Bouteflika challenged by five candidates but voters’ apathy prevail

London, 7 April -(ANA)- As the Algerian Constitutional Council announced the final six candidates to run for the presidential elections due on 9 April, Two people were killed and five wounded in an attack on a barracks near the eastern Algerian city of Tizi Ouzou last month. The blast targeted community guards, members of a force set up in the early 1990s, when the government was locked in a bloody conflict with armed Islamist groups, which cost over 200,000 lives.

On 22 February armed Islamists killed nine security guards in an attack on their local headquarters near Jijel, east of the country. A week later Interior Minister Yazid Erhouni said that security forces had killed about 120 insurgents since 1 September 2008 and that some of the dead were leading members of the armed groups.

Algeria's highest court ruled that among 13 applicants for the presidential elections, 5 others apart from President Abdelaziz Bouteflika fulfilled the eligibility requirements. These are Louisa Hanoune, secretary general of the Labour Party; Moussa Touati, president of the Algerian National Front; Ali Fawzi Rebaine, leader of the nationalist Ahd 54 party; Belaid Mohand Oussaid, the leader of Party of Freedom and Justice; and Mohamed Djahid Younsi, secretary general of the Islamic el-Islah movement, according to the Constitutional Council President Boualem Bessaih.

The incumbent President Bouteflika is to seek a third mandate and if elected, it will be courtesy of a controversial amendment to Article 74 of the constitution passed last November.

For Louisa Hanoune, the 2009 campaign is her second, after an unsuccessful bid to unseat Bouteflika in 2004 who has the army’s support and endorsement.

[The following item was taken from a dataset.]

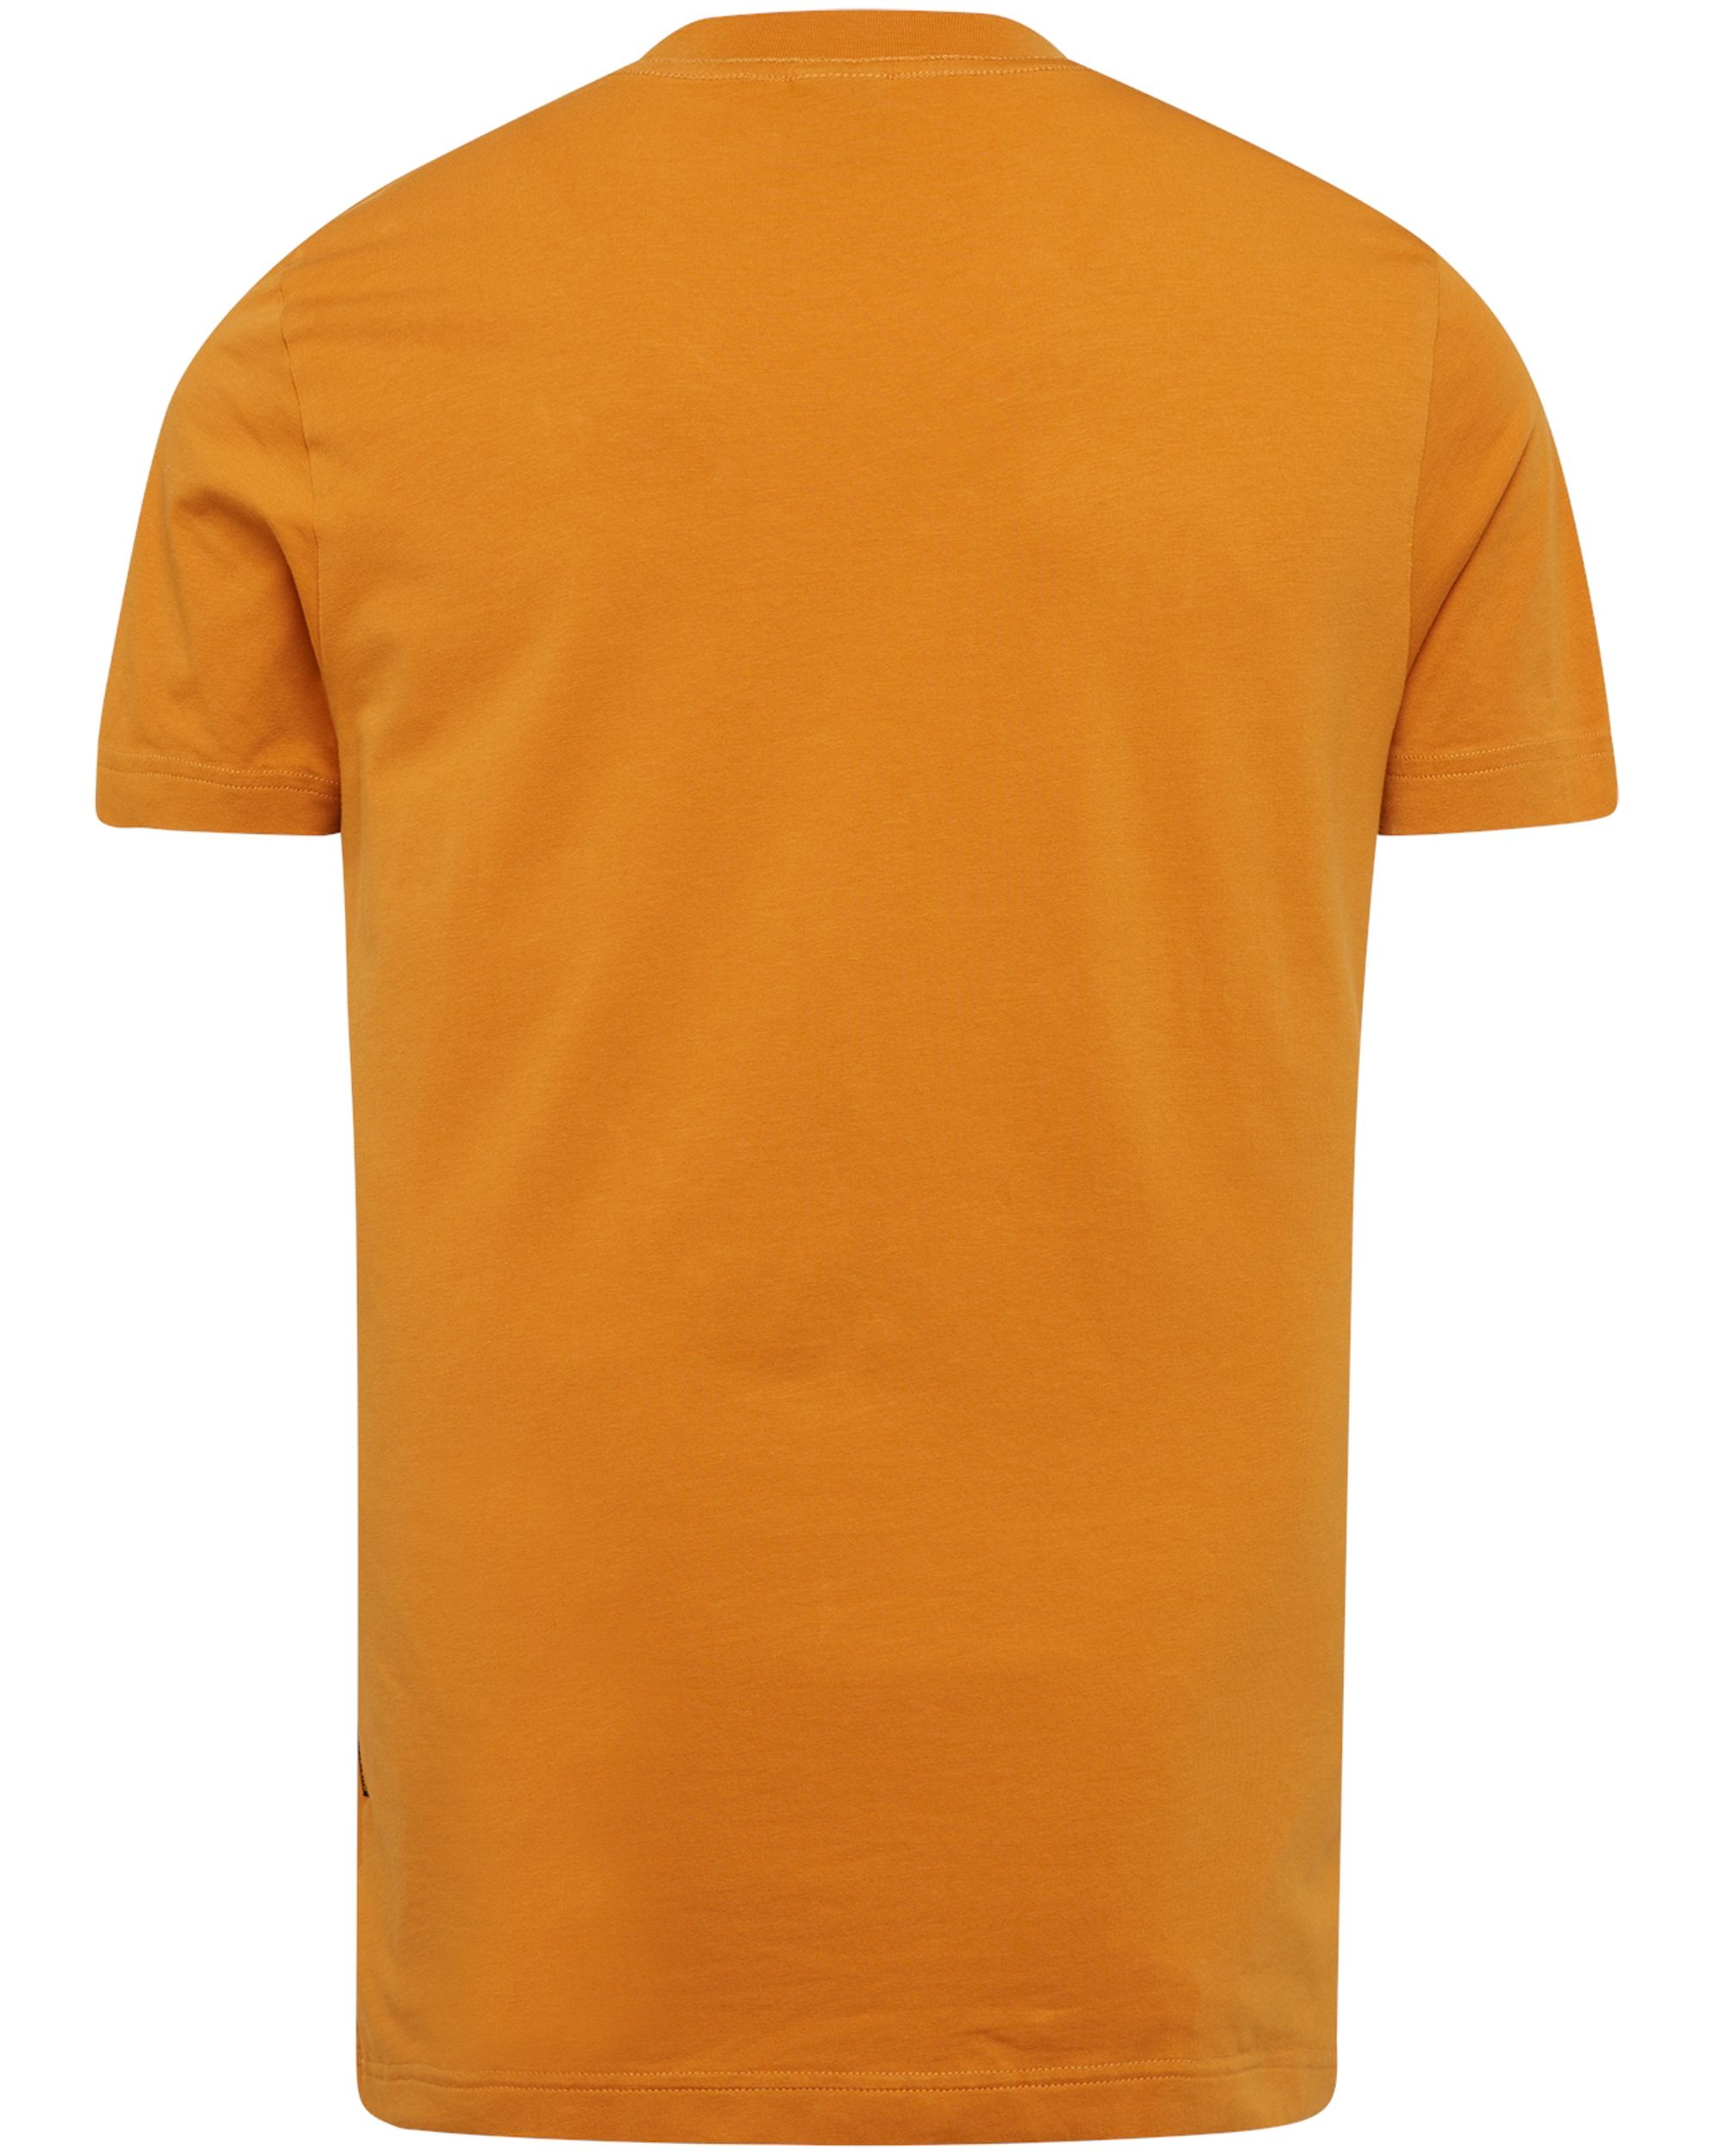 PME Legend T-shirt KM Oranje 082582-001-L

Political parties supporting and opposing the elections are preoccupied with the possibility of a massive boycott at the polls. Opponents of the constitutional amendments hope to persuade citizens to abstain from voting, while the president's supporters are attempting to mobilise millions of voters. The issue of a popular boycott was first raised after the constitution was amended on November 12th, 2008. Article 74 was modified to remove the previous two-term limit on the post of president. Several members of the opposition refused at that time to take part in the April 2009 presidential race.

Low turnout is feared in Algerian presidential elections as voters feel that Bouteflika will be re-elected come what may.

Opposition leaders advocating a boycott claim the results of the presidential election have already been determined in favour of President Bouteflika, before being held. It was this eventuality that prompted Said Saadi of the Rally for Culture and Democracy (RCD) to refuse to run for office, and to push members of his party not to cast their ballots.

The Socialist Forces Front (FFS), led by Houcine Ait Ahmed, the self-exiled leader and the only surviving heroes of the independence struggle, took a similar line.

Also calling for a boycott is the Islamist Ennahda Movement, which said the general political atmosphere does not warrant the party's participation.

All in all, low turnout is feared in Algerian presidential elections as voters feel that Bouteflika will be re-elected come what may.